Sound and Fury in William Faulkner’s ‘The Sound and the Fury’

The title of William Faulkner’s novel The Sound and the Fury has its origin in a somewhat obscure soliloquy given by Macbeth in William Shakespeare’s play, Macbeth. It reads:

There would have been a time for such a word.

To-morrow, and to-morrow, and to-morrow,

Creeps in this petty pace from day to day

To the last syllable of recorded time,

And all our yesterdays have lighted fools

The way to dusty death. Out, out, brief candle!
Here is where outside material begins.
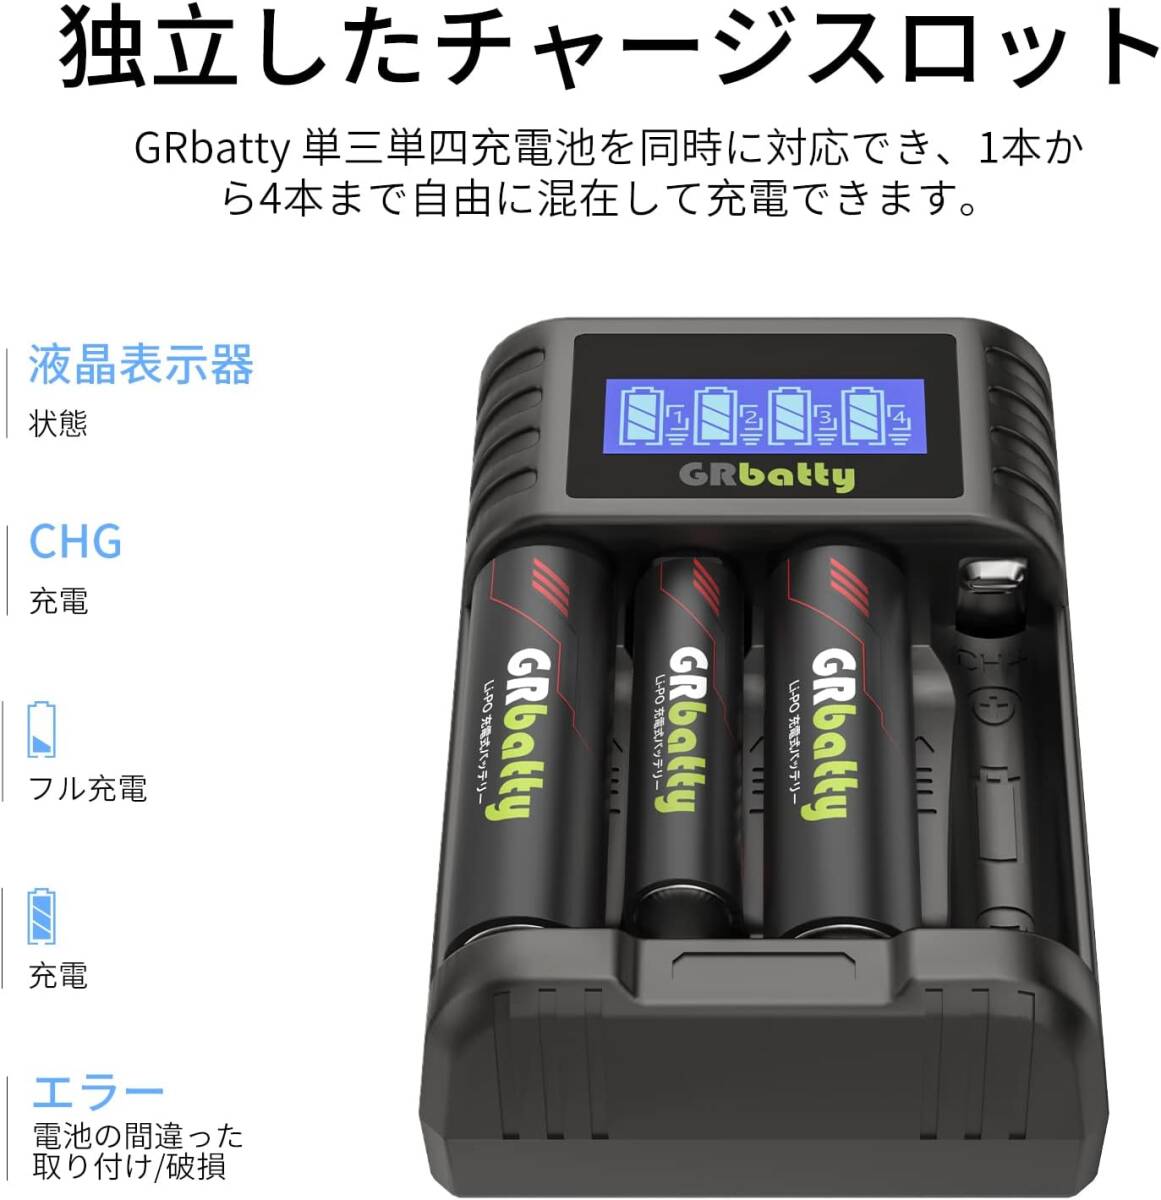 515 зарядное устройство + одиночный 3 форма lithium батарейка *4 GRbatty lithium одиночный 3 перезаряжаемая батарея одиночный 3 форма зарядное устройство в комплекте зарядное устройство в комплекте жидкокристаллический экран 4 слот зарядка 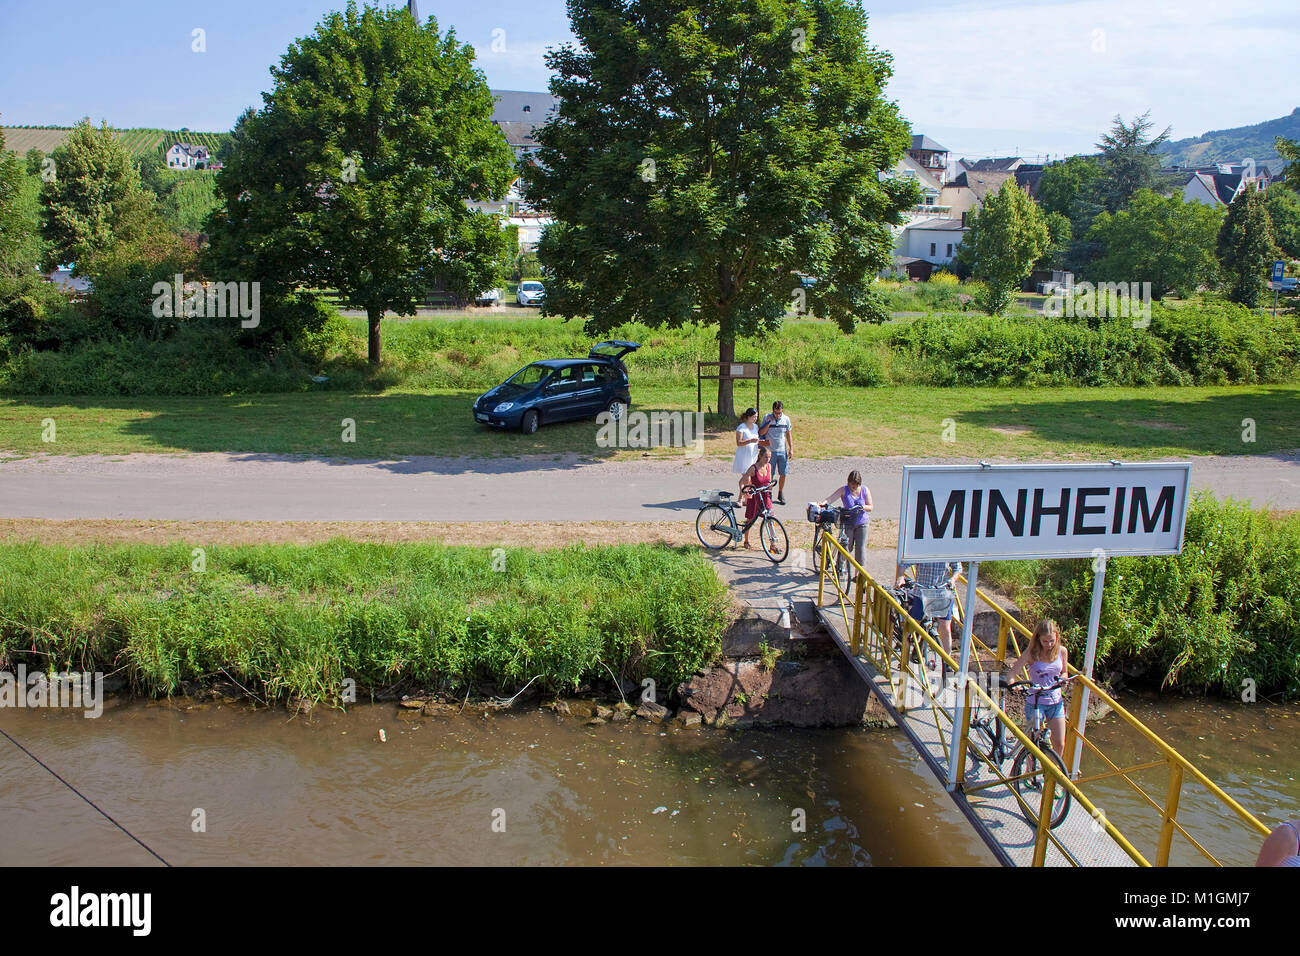 Los ciclistas en régimen de internado en embarcadero para barcos de excursión,Minheim, río Mosela, Renania-Palatinado, Alemania, Europa Foto de stock

Life’s but a walking shadow, a poor player

That struts and frets his hour upon the stage

And then is heard no more: it is a tale

Told by an idiot, full of sound and fury,

Signifying nothing.

In Faulkner’s The Sound and the Fury, the phrase comes under some pressure. ‘Sound’ and ‘fury’ are not, in Faulkner’s usage at least, abstractions of which the tale of life is full. The double-use of the definite article suggests a more particularising motivation; it is The Sound and The Fury. With this in mind, I control effed the text for uses of sound and fury, because what turned up presumably means something to somebody.

April Seventh, 1928

Sound Count: 3

Fury Count: 0

As the chapter that Benjy narrates is the first one, one could argue that The Sound of the title is the moaning noise that Benjy makes, the moaning bellow that serves as the clearest indication to those of us capable of restraining ourselves from Sparknotes or Wikipedia summaries despite how adrift they may feel in this novel, that Benjy is neurologically impaired. In a way that is, again, presumably significant, he is often unaware that he makes this sound at all, the reader is only capable of coming to the understanding that he is when putting Jason’s complaints about Benjy’s constant ‘bellering,’ next to how often other characters instruct Benjy to hush.

June Second 1910

Sound Count: 12

Fury Count: 1

The Sound, for Quentin, is almost certainly the ticking of clocks, the ringing of bells and markers of time’s passing in general. Like Benjy’s The Sound, it passes in and out of his awareness: “You can be oblivious to the sound for a long while, then in a second of ticking it can create in the mind unbroken the long diminishing parade of time you didn’t hear.”

Unfortunately for Quentin, even when this sound terminates, he gains no respite from interminable clock-ticking/bell-ringing. Even the absence of sound evokes violence and despair: “The bird whistled again, invisible, a sound meaningless and profound, inflexionless, ceasing as though cut off with the blow of a knife.”

Quentin’s The Fury appears in one of his extended degenerating mélange of voices, within which it is very difficult to situate oneself. Again, what emerges is Quentin’s overwhelming fatalism and desperation: “until someday in very disgust he risks everything on a single blind turn of a card no man ever does that under the first fury of despair or remorse or bereavement he does it only when he has realised that even the despair or remorse or bereavement is not particularly important to the dark diceman and i temporary.”

April Sixth 1928

Sound Count: 2

Fury Count: 0

Its perhaps only fitting that Jason’s The Sound, is the ‘hollow sound’ that soil makes as Quentin is being buried, its low sound’s reverberation subverting Mrs. Compson’s remark which appoints Jason her only hope, a son who is resentful enough of the opportunities that Quentin received to fleece maintenance money intended for her.  Even the hollow sound fades, it re-surfaces later as ‘no sound’ from upstairs.

April Eighth 1928

Sound Count: 16

Fury Count: 1

Fury receives a rather bathetic treatment in the final chapter of the book. Jason, finding that his stolen money has been stolen in turn, holds the travelling show in town responsible and assaults the first member of it he comes across. Their struggle is awkward and ungainly, neither are triumphant: “Jason tried to grasp him in both arms, trying to prison the puny fury of him.” The anti-climax chimes with Jason’s failure to, 1) get his money back and 2) successfully carry out some sort of gesture, no matter how pointless, which might redeem the Compson’s from their over-determined misery. The Puny conclusively defuses all the potential rawness and hazard of The Fury.